EXCERPTED RECORDS START
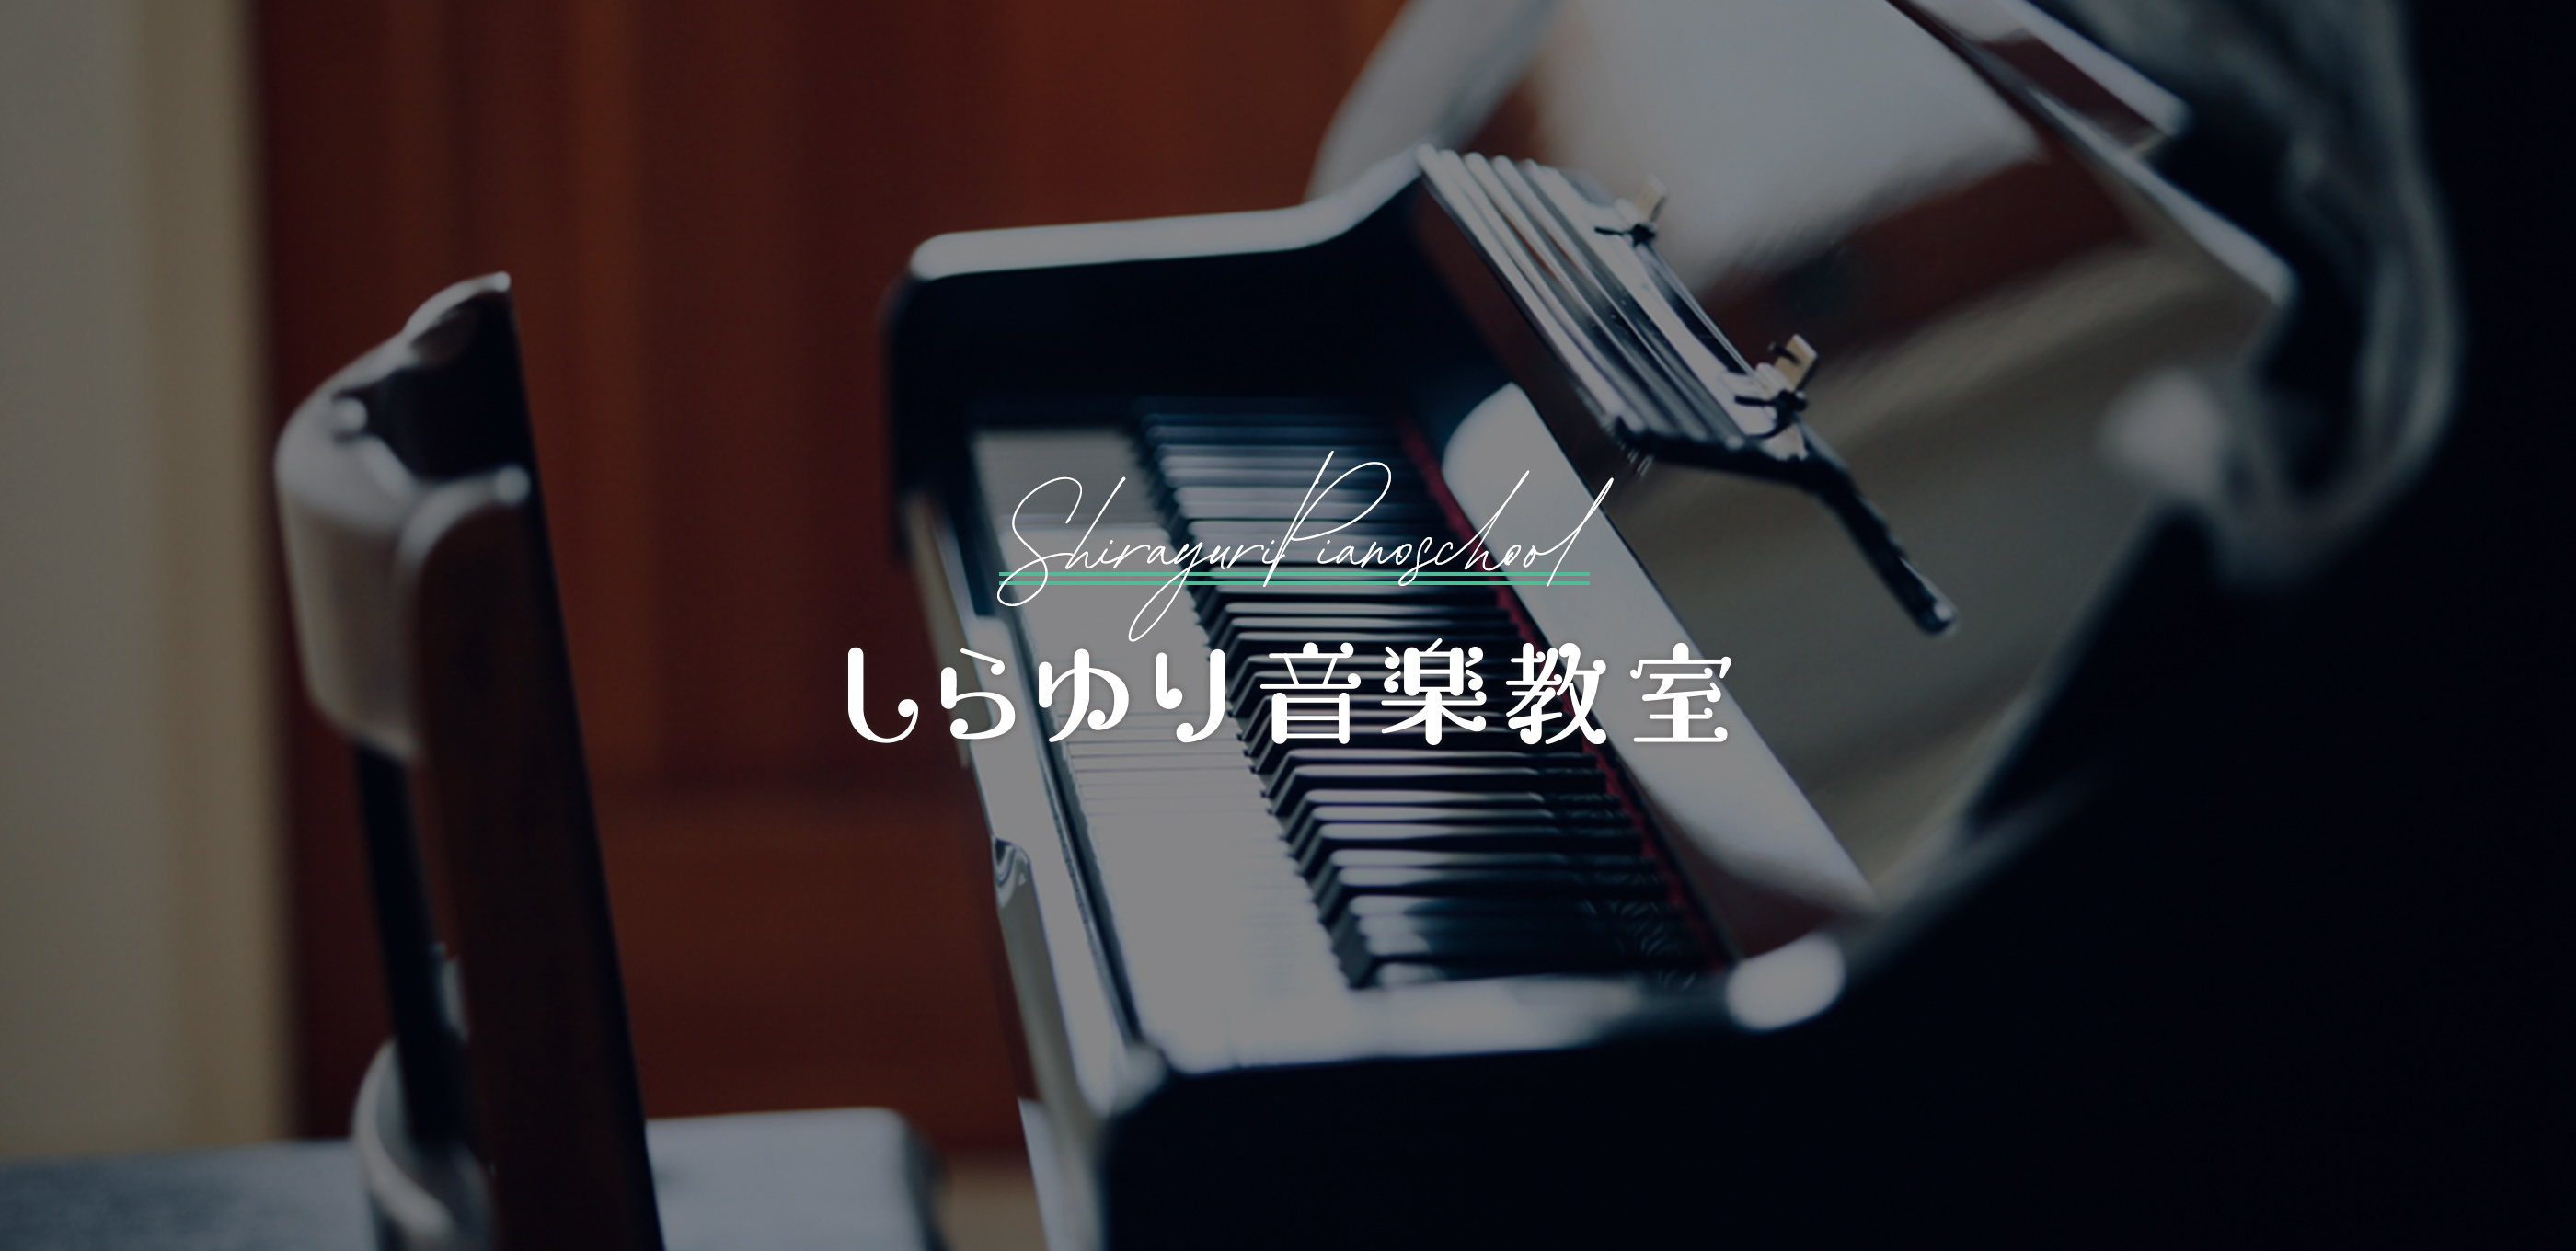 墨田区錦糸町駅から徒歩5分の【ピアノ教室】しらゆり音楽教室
EXCERPTED RECORDS END
EXCERPTED RECORDS START
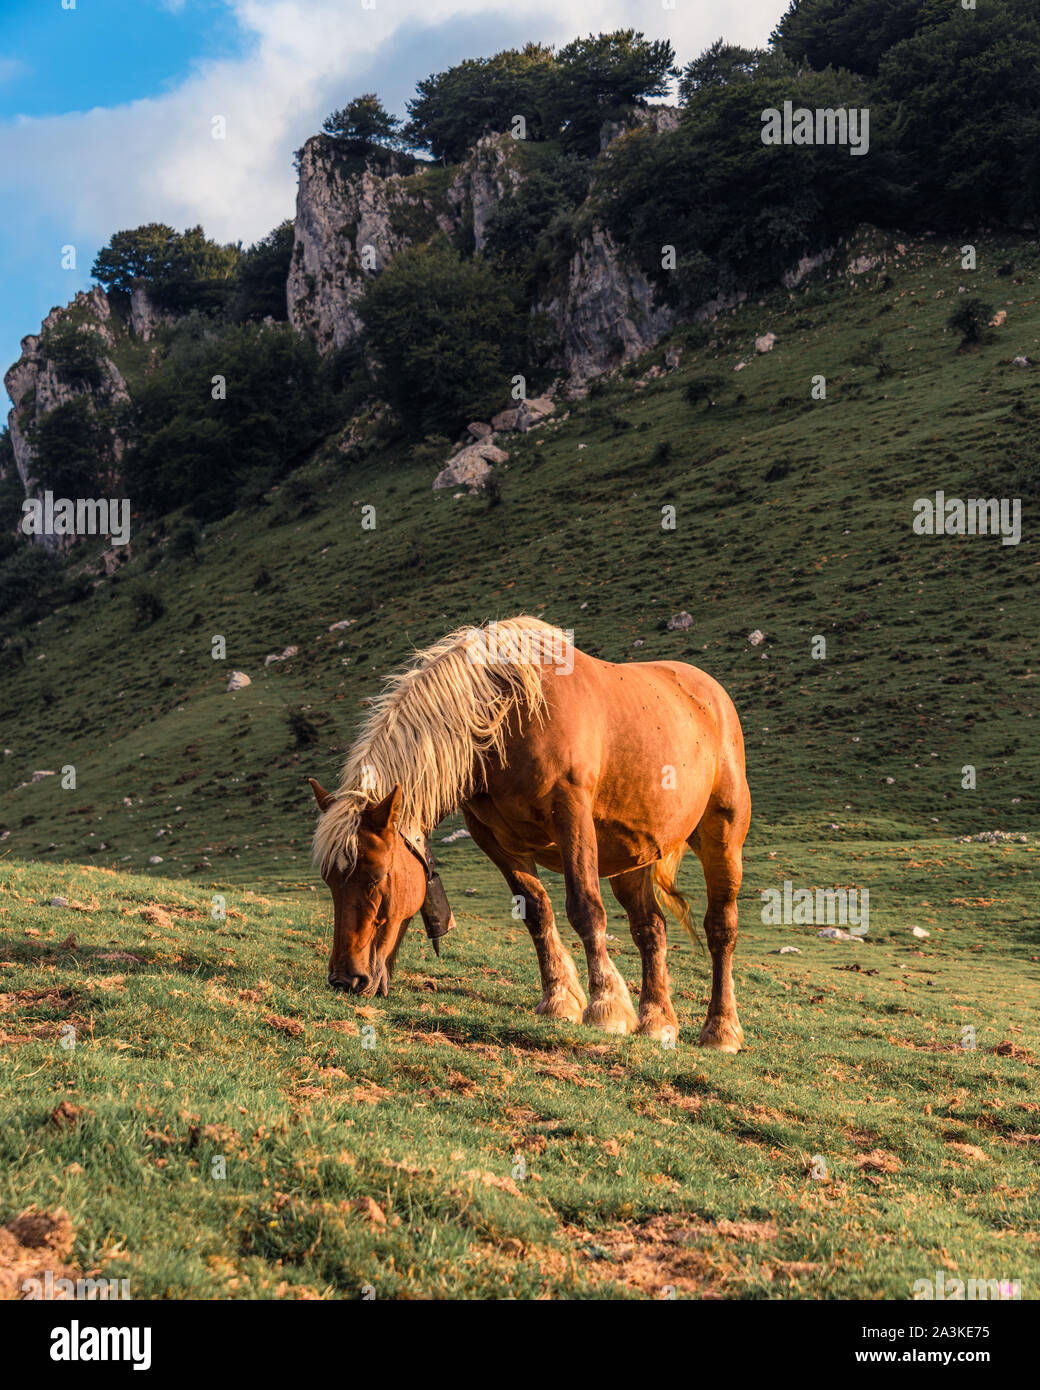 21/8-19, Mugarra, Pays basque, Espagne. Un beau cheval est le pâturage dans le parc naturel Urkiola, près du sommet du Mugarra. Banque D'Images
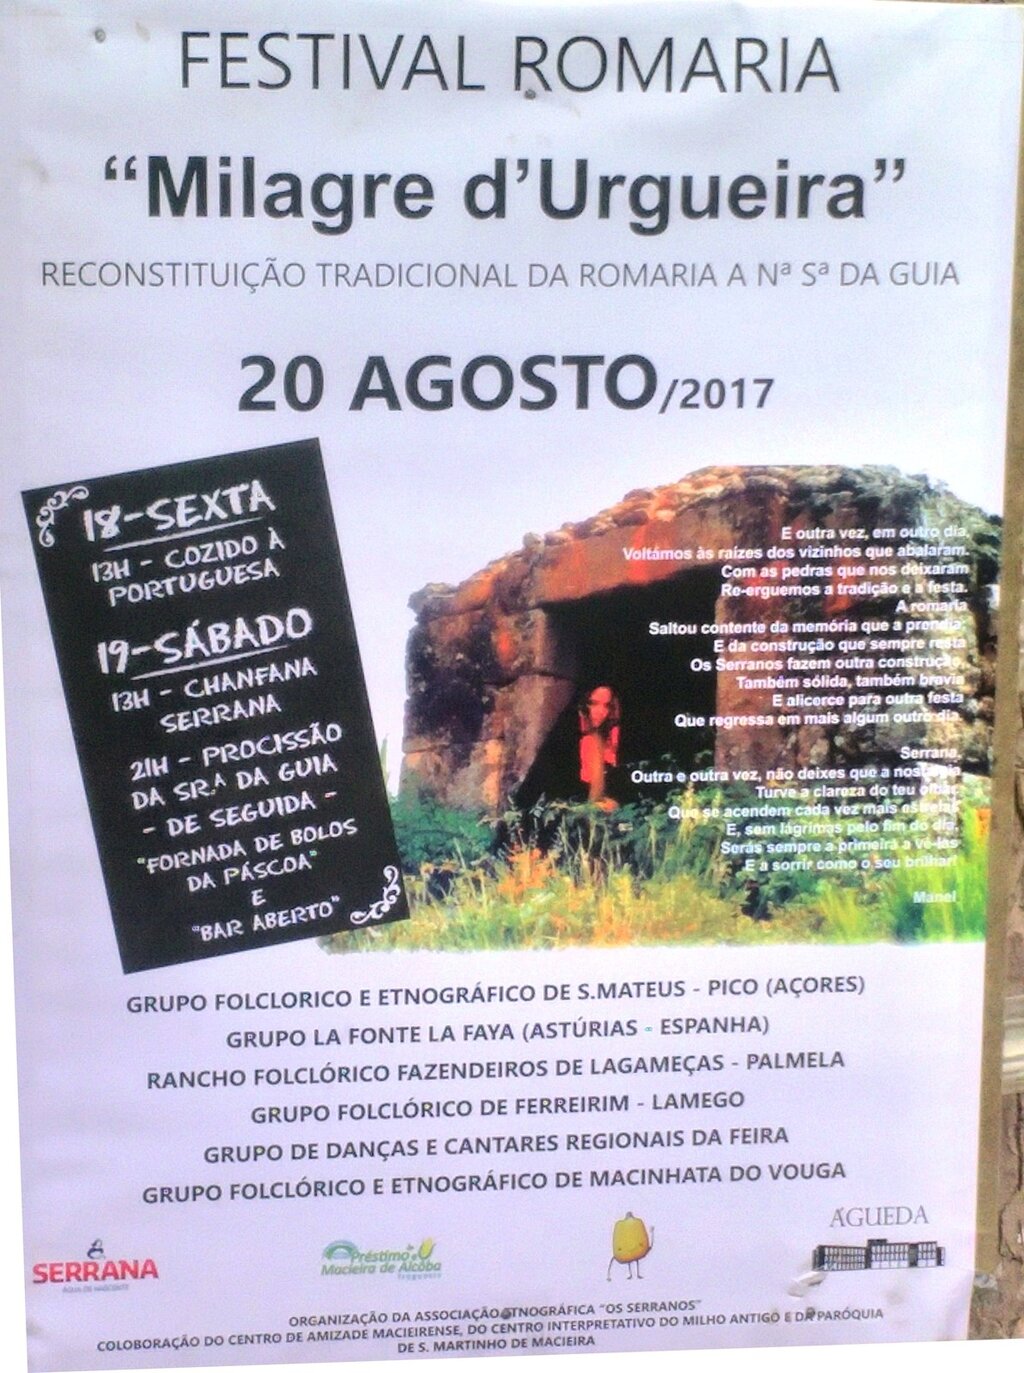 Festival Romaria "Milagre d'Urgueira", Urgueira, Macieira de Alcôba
EXCERPTED RECORDS END
PROBLEM TO SOLVE:
Reproduce word for word, with pictures dropped, only the part of the material above that opens with the line containing "21/8-19, Mugarra, Pays" and closes with the line containing "Macieira de Alcôba".

SOLUTION TO THIS TASK:
 21/8-19, Mugarra, Pays basque, Espagne. Un beau cheval est le pâturage dans le parc naturel Urkiola, près du sommet du Mugarra. Banque D'Images
 Festival Romaria "Milagre d'Urgueira", Urgueira, Macieira de Alcôba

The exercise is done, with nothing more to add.